Croo was successful with copying another rna-seq-pipeline run, but I'm not sure why it is failing with this specific one. I am attaching the metadata.json file that gave the error.

metadata.json

jaavedm commented 1 month ago

I figured it out. It is a documented scenario within croo.py, but not handled in the code. It happens when the shard index is -1 In the method __interpret_inline_exp of croo.py, there is a comment about this scenario:

shard_idx: tuple of scatter indices. -1 means no scatter
                       e.g. (-1, 0, 1,):
                            no scatter in main workflow
                            scatter id 0 in subworkflow
                            scatter id 1 in subsubworkflow

The offending code does not handle this case, and the rna-seq-pipeline does return a metadata.json file where the shard_idx could be -1.

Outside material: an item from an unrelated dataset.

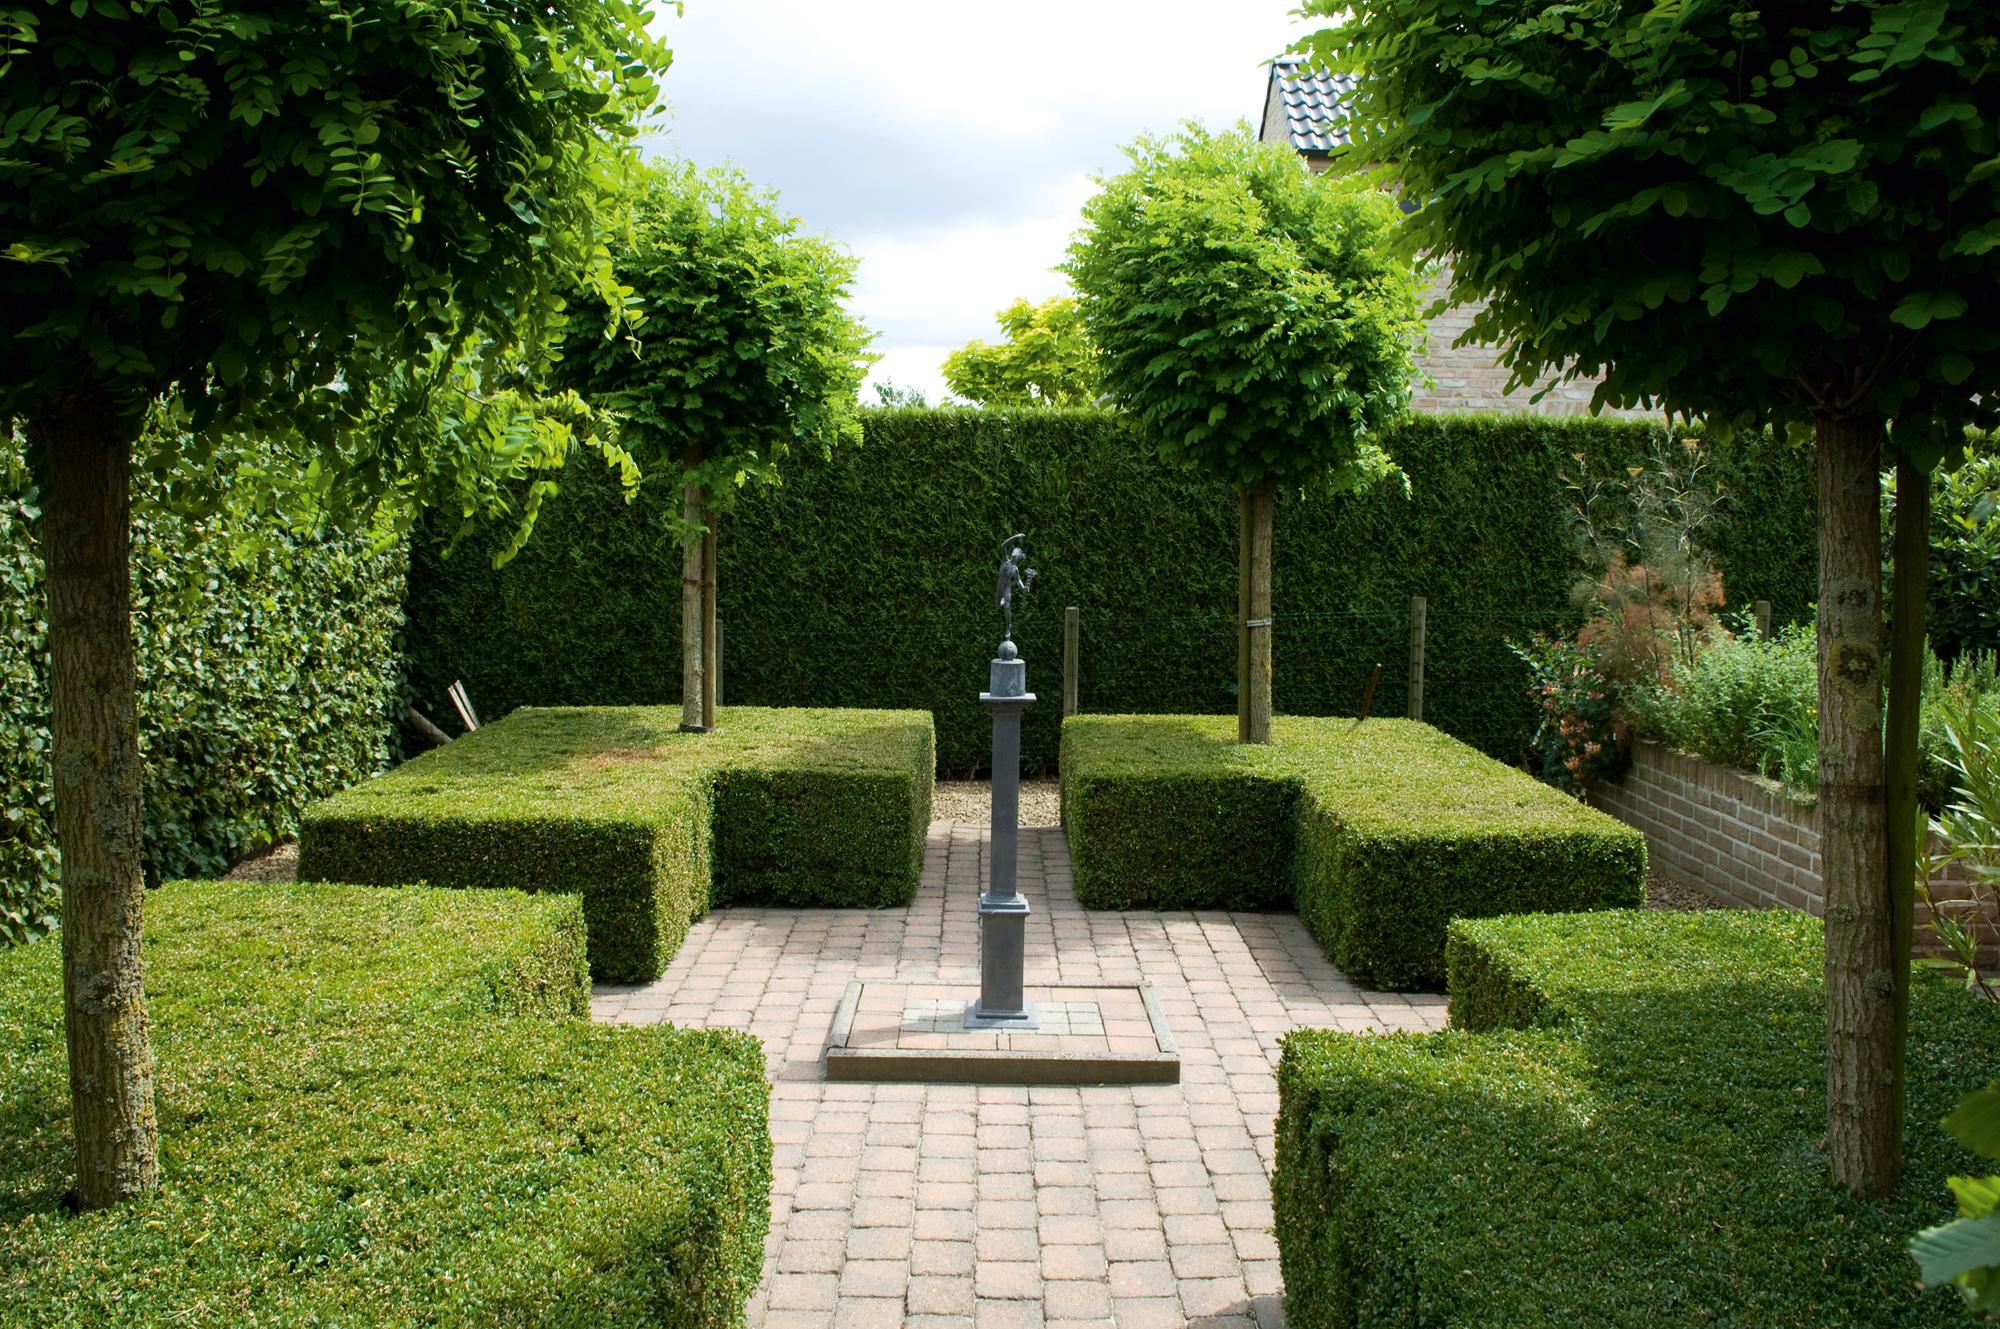 haagplanten kopen haagplanten kopen hagen taxushagen haagbeukhagen beukhaag buxushagen

To workarround this scenario, I manually added the following code to the croo.py script.

         if i is None:
           i = -1

Which is inserted directly above


        while True:
            m = re.search(Croo.RE_PATTERN_INLINE_EXP, result)
            if m is None:
                break
            result = result.replace(m.group(0), str(eval(m.group(1))), 1)

Of course, a developer more knowledgeable about this codebase should investigate a proper way to handle the case where shard_idx is -1.